Question

How to parse HTML file

Forum|Forum|9 years ago
September 15, 2016
16 replies
680 views

fouly

Hi,

I would to use FME elements to parse HTML file.

I have the following scenario. Navigating through various html pages, parse the html content of these pages, and then store the returned data in a specific format for further processing.

I have used HTTPCalled for calling the webpage and retrieved the html content in the 'response_body' field. I have tried to connect 'response_body' to HTMLToXMLConverter but unfortunately it didn't work.

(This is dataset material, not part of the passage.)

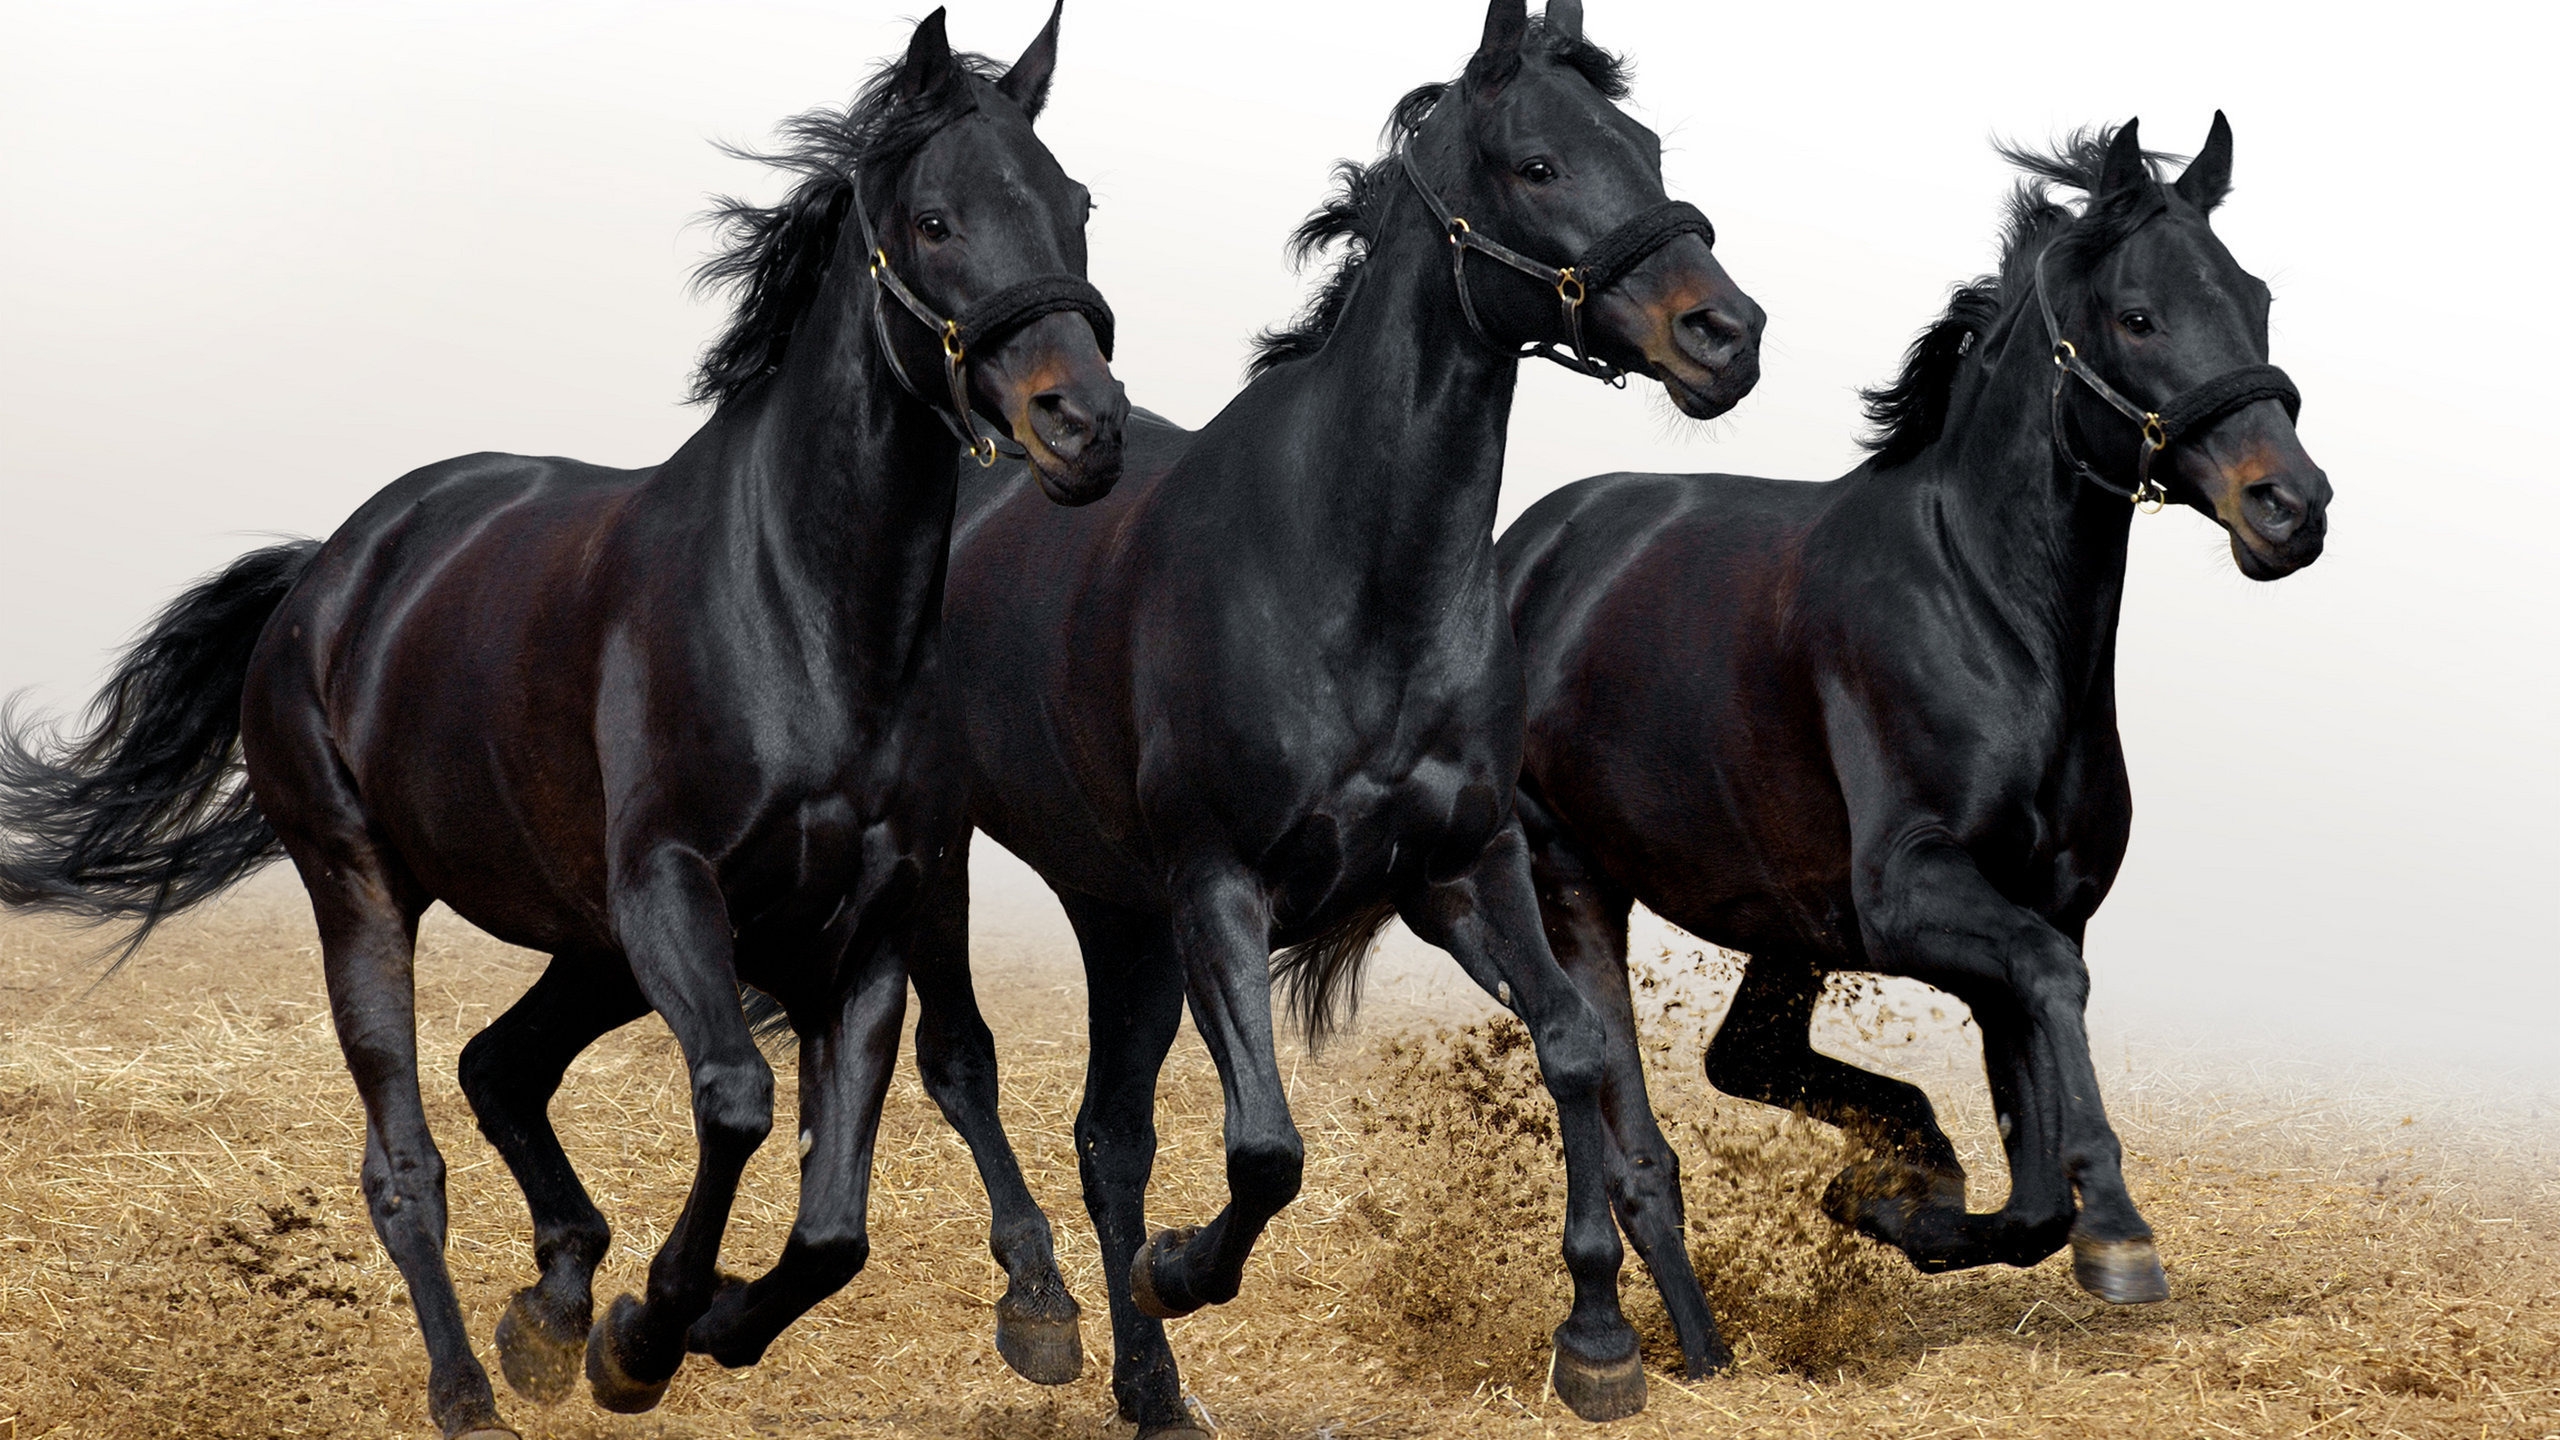 Three Black Horses for 2560x1440 HDTV resolution

So I wonder if there's a way to parse html content of webpages?

Thanks for your help!

This post is closed to further activity.
It may be an old question, an answered question, an implemented idea, or a notification-only post.
Please check post dates before relying on any information in a question or answer.
For follow-up or related questions, please post a new question or idea.
If there is a genuine update to be made, please contact us and request that the post is reopened.

+62

redgeographics
Celebrity
Forum|Forum|9 years ago
September 15, 2016

It kinda depends on how the HTML is set up really, can you tell us a bit more or show a sample?

The problem with HTML is that there's a lot possible in there that violates the rules but still gets rendered just fine by a browser. XML is a lot more structured.

FME rocks! \m/

Upvote

+18

itay
Supporter
Forum|Forum|9 years ago
September 15, 2016

Hi @fouly, did you change the response body encoding to system default? that usually does the trick

Upvote

takashi
Forum|Forum|9 years ago
September 15, 2016

Hi @fouly, the current HTMLToXHTMLConverter doesn't support HTML5 tags. If the html doc has been created with the HTML5 specification, the transformer cannot be used unfortunately, and you will have to parse the doc with some transformers for string operations. The way depends on structure of the doc and your requirement.

Why not inspect features with Visual/Data Preview and Feature/Record Information before writing them into a destination dataset?

Upvote

fouly
Author
Forum|Forum|9 years ago
September 15, 2016

Hi @fouly, did you change the response body encoding to system default? that usually does the trick

Good! Indeed, this did the trick!

Thanks:)

Upvote

+59

mark2atsafe
Safer
Forum|Forum|9 years ago
September 15, 2016

This question might also be of interest (for parsing HTML in general) and in 2017 beta there is already a HTMLExtractor transformer to parse HTML content.

FME Evangelist to the Rich and Famous!!

Upvote

fouly
Author
Forum|Forum|9 years ago
September 26, 2016

This question might also be of interest (for parsing HTML in general) and in 2017 beta there is already a HTMLExtractor transformer to parse HTML content.

Hi Mark, I have downloaded FME 2017 to try out the HTMLEXTRACTOR transformer but couldn't find documentation for how to use it.

For example I have a HTML file that like the attached one, and I would like to extract the vars:

dataEnergyOut, dataPowerOut, dataPowerAvg, etc...

Do you maybe know how is that possible?view-source-pvoutputorg-intradayjsp-id38342sid3508.txt

Upvote

+59

mark2atsafe
Safer
Forum|Forum|9 years ago
September 26, 2016

Hi Mark, I have downloaded FME 2017 to try out the HTMLEXTRACTOR transformer but couldn't find documentation for how to use it.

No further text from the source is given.